INTRODUCTION
Renal function abnormalities are associated with high cardiovascular risk. This increased risk has been shown for all ranges of renal failure, not only for patients with end-stage renal failure, but also for those with a mild or moderate reduction in glomerular filtration rate (GFR)1,2 or with increased urinary albumin excretion or microalbuminuria (MAU).3-5 As a result of these findings, the major international societies recommend in their clinical guidelines that the presence of positive MAU or an estimated GFR < 60 ml/min be considered as a major cardiovascular risk factor.6-8
Simple and sensitive methods have now been developed for detecting renal function abnormalities. Determination of MAU allows the detection of target organ damage and indicates the presence of microcirculation impairment, as well as permitting the monitoring of treatment and the choice of drug therapy.9 GFR is the best method for measuring overall renal function. The use of formulas such as the one derived from the Modification in Diet in Renal Disease (MDRD) Study10 or the one proposed by Cockcroft and Gault11 allows a more precise approximation of renal function than a single determination of serum creatinine or creatinine clearance, while also reducing the technical complications and discomfort for the patient compared to clearance.12 The renal function assessment, in addition to its interest for stratifying the cardiovascular and renal risk of the patients, has important implications
for their follow-up and treatment.
Arterial hypertension and other forms of clinical presentation of cardiovascular disease are closely linked to the development of chronic renal disease, and play a key role in the development, clinical course and subsequent management of this disease.
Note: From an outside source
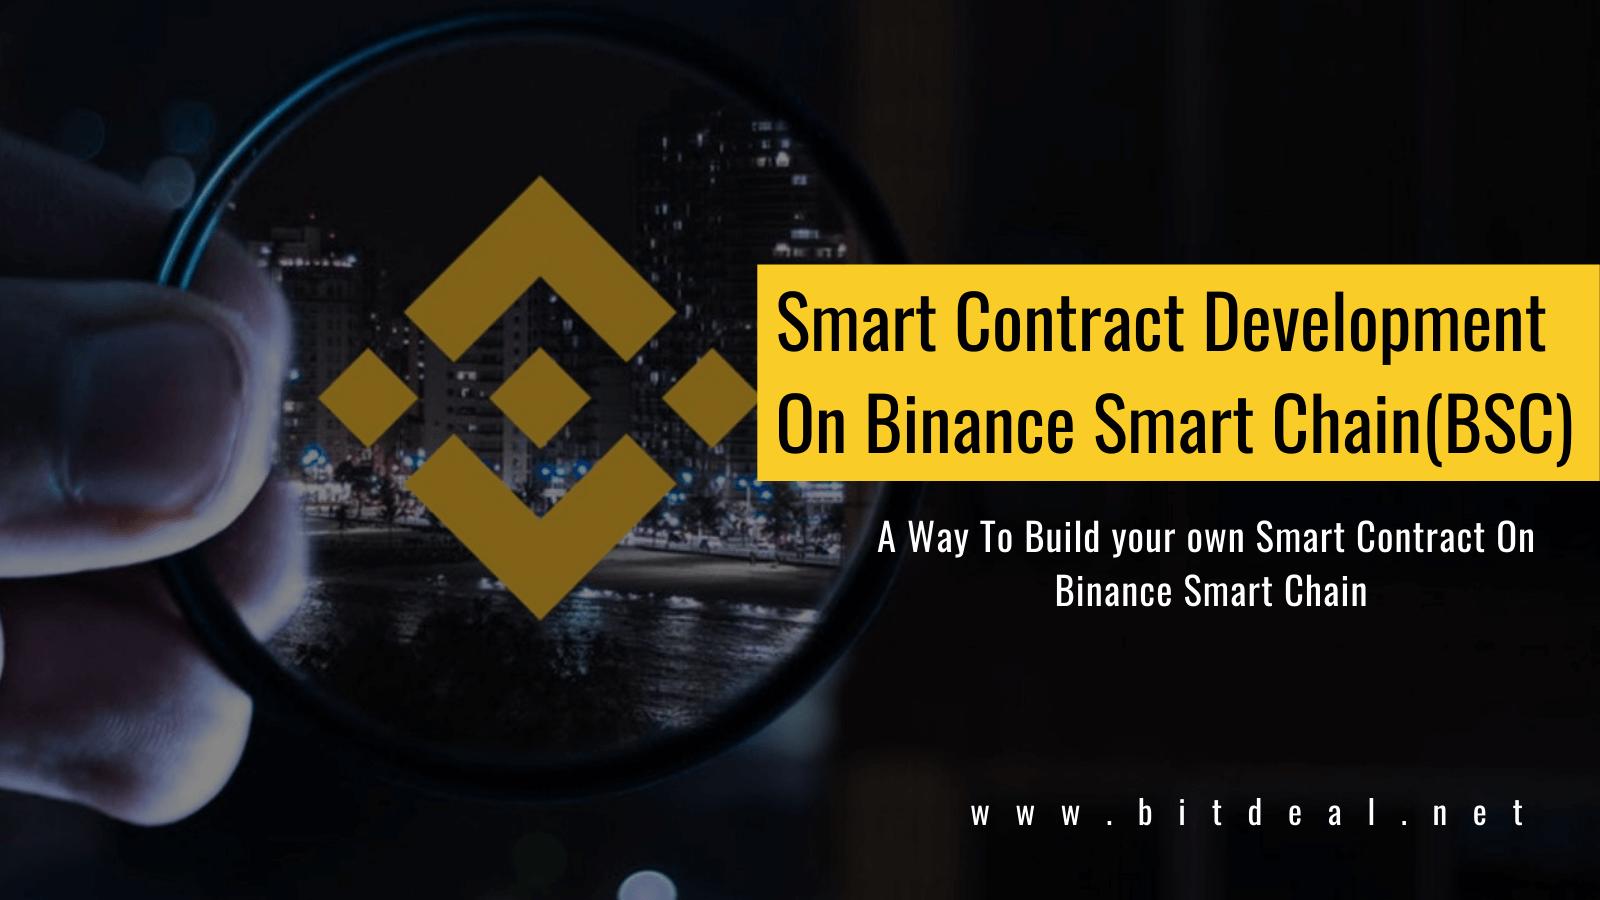 Binance Smart Chain Development - Create Smart Contracts On Binance Smart Chain
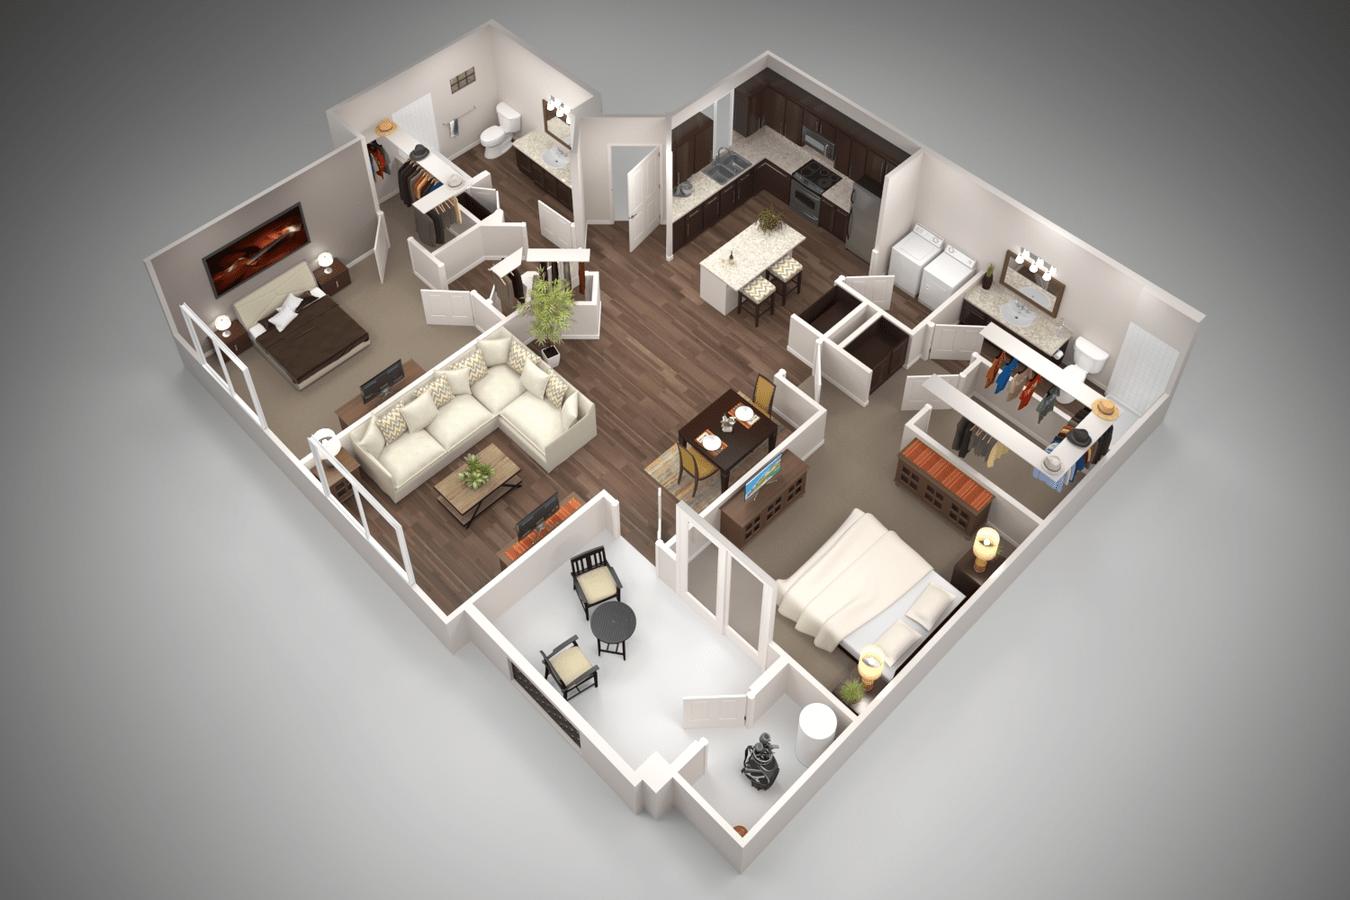 2 Bedrooms 2 Bathrooms Apartment for rent at San Piedra in Mesa, AZ

Determination of renal function is mandatory for risk stratification and the therapeutic approach to hypertensive patients. There are no studies to date assessing whether determination of renal function is performed adequately in clinical practice in hypertensive patients. The primary aim of this study was to assess the proportion of patients attended in cardiology outpatient clinics in whom MAU and/or GFR had been determined at least once in the previous 12 months. As a secondary aim, it sought to determine the association of these renal markers with cardiovascular risk factors and cardiovascular morbidity.
MATERIALS AND METHODS
Design
This was an observational, cross-sectional, retrospective, multicenter study. There was no drug intervention. The study was carried out in 1,224 hypertensive patients recruited consecutively in cardiology outpatient clinics. A total of 124 centers in Spain participated in the study. Each investigator included a total of 10 patients, who were the last 10 patients seen in the clinic with a diagnosis of arterial hypertension who met the inclusion criteria and none of the exclusion criteria. The inclusion criteria were patients age 18 years or over and a confirmed diagnosis of arterial hypertension. The exclusion criteria were patients with known renal disease with serum creatinine > 2.0 mg/dl, hospitalized patients, and patients with a life expectancy < 3 months. The study was approved by the Independent Ethics Committee of Hospital Universitario de San Juan.
Data collection
The following data were collected using a questionnaire: age, sex, weight, height, history of arterial hypertension, diabetes, dyslipidemia, smoking, obesity, sedentarism, presence of cardiovascular diseases or family history of cardiovascular disease. In addition, anthropometric measures were taken including height, weight, body mass index and abdominal circumference. Obesity was considered as a body mass index of 30 kg/m2 or greater. The presence of left ventricular hypertrophy was defined according to Sokolow-Lyon electrocardiographic criteria (voltage sum SV1+RV5 or RV6 > 35 mm). Biochemical data were obtained from the last laboratory test performed in the 6 months prior to collection of the study data. Determination of MAU and determination or calculation of GFR and the method used for each was assessed. Blood pressure was taken according the standard guidelines with a mercury
sphygmomanometer. After the patient had remained seated for 5 minutes, 3 blood pressure measurements were taken each 2 minutes apart. The average of the last 2 measurements was obtained and considered the patient¿s blood pressure.
Statistical analysis
Continuous variables was expressed as mean ± standard deviation and compared using Student¿s t test for unpaired data or the Welch test if the homocedasticity of the variances was significantly different. Normality of the distribution was checked using stem and leaf plots. Categorical variables were expressed as percentage of the study population and compared with the X2 test.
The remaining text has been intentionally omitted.